Учение Коперника и религия: Из истории борьбы за научную истину в астрономии — страница 25 из 37

Словом, если миров много, если наше человечество является лишь одним из несчетных человеческих муравейников, разбросанных по всем частям беспредельной Вселенной, то становится совсем нелепым мнение, что оно составляет главную цель и конечную заботу бога. Это должно побудить мыслящего верующего христианина задуматься о нелепости религии, основанной на совершенно бессмысленном догмате. В этом кроется важная, тщательно замалчиваемая причина, которая заставляла церковь беспощадно бороться с приверженцами «коперниковской ереси».

Еретический характер коперниканства стал ясен для церкви главным образом благодаря трудам пламенного приверженца Коперника Джордано Бруно.

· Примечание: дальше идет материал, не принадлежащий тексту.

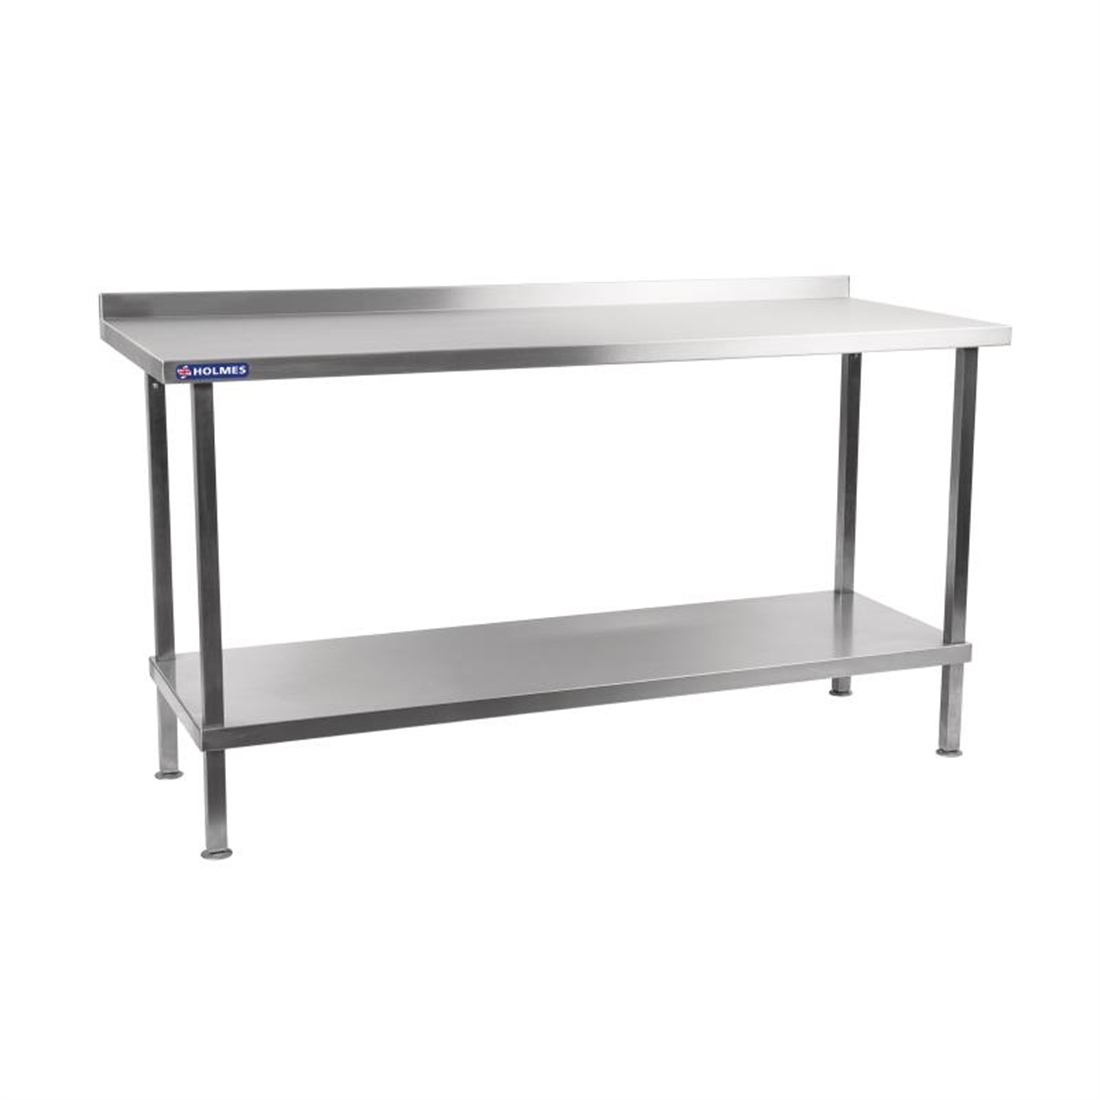 Holmes Self Assembly Stainless Steel Wall Table 2100mm

Книги Бруно до сих пор числятся в папском списке запрещенных книг. Этот мыслитель писал, что «разумному и живому уму невозможно вообразить себе, чтобы все эти бесчисленные миры, которые столь же великолепны, как и наш, или даже лучше его, были лишены обитателей, подобных нашим или даже лучших».[46] Не случайно, что осуждению Бруно способствовал прежде всего тот же кардинал Беллармин, который впоследствии принял на себя основную роль в первом процессе Галилея, закончившемся запрещением учения Коперника. Недавно умерший идеалистически мыслящий астроном Джинс, говоря о том, что церковь казнила Бруно за учение о множественности обитаемых миров, справедливо отметил: «Действительно, трудно представить себе, что другое могла бы сделать церковь, так как казалось совершенно нечестивым предполагать, что великая драма падения человека и его искупления, в которой принимал участие сын божий, могла произойти на какой-нибудь малой сцене, а не в центре Вселенной».

Развитие астрономических знаний в конце концов привело к тому, что в наше время представление о существовании жизни вне Земли по существу разделяется как материалистами, так и идеалистами. Это обстоятельство не могли не учесть богословы, и в результате многие из них (например, католический богослов Ф. Коннелл в 1952 г.) не только не оспаривают учения о множественности обитаемых миров, но даже уверяют, что наличие жизни вне Земли, на других планетах не противоречит религии. При этом богословы абсолютно ничем не доказывают справедливости своего уверения, так что оно совершенно голословно и находится в противоречии с воззрениями церковных авторитетов.

Поэтому считаем нужным обратить внимание на некоторые моменты из истории отношения христианской церкви к вопросу о жизни за пределами Земли. Это тем более необходимо, что сами церковники стараются «забыть» все, что касается этой истории, и очень не любят, когда им об этом напоминают.

Уже некоторым древнегреческим мыслителям (Демокриту, Эпикуру и др.) не было чуждо представление о множественности миров, как подобных нашему миру, так и несходных с ним. В раннем христианстве некоторые церковные авторитеты (Ориген, а затем Афанасий) пытались в той или иной форме согласовать это представление с христианским вероучением, но это им не удалось. Во всяком случае, в XIII в. неоднократно упоминавшийся католический богослов Фома Аквинский ясно сознавал, что допущение множественности миров означает весьма серьезный подрыв всего христианского вероучения. Он подчеркивал, что Земля составляет верховную цель творения, что небо создано лишь для обитателей Земли и что поэтому может существовать один только обитаемый мир — Земля.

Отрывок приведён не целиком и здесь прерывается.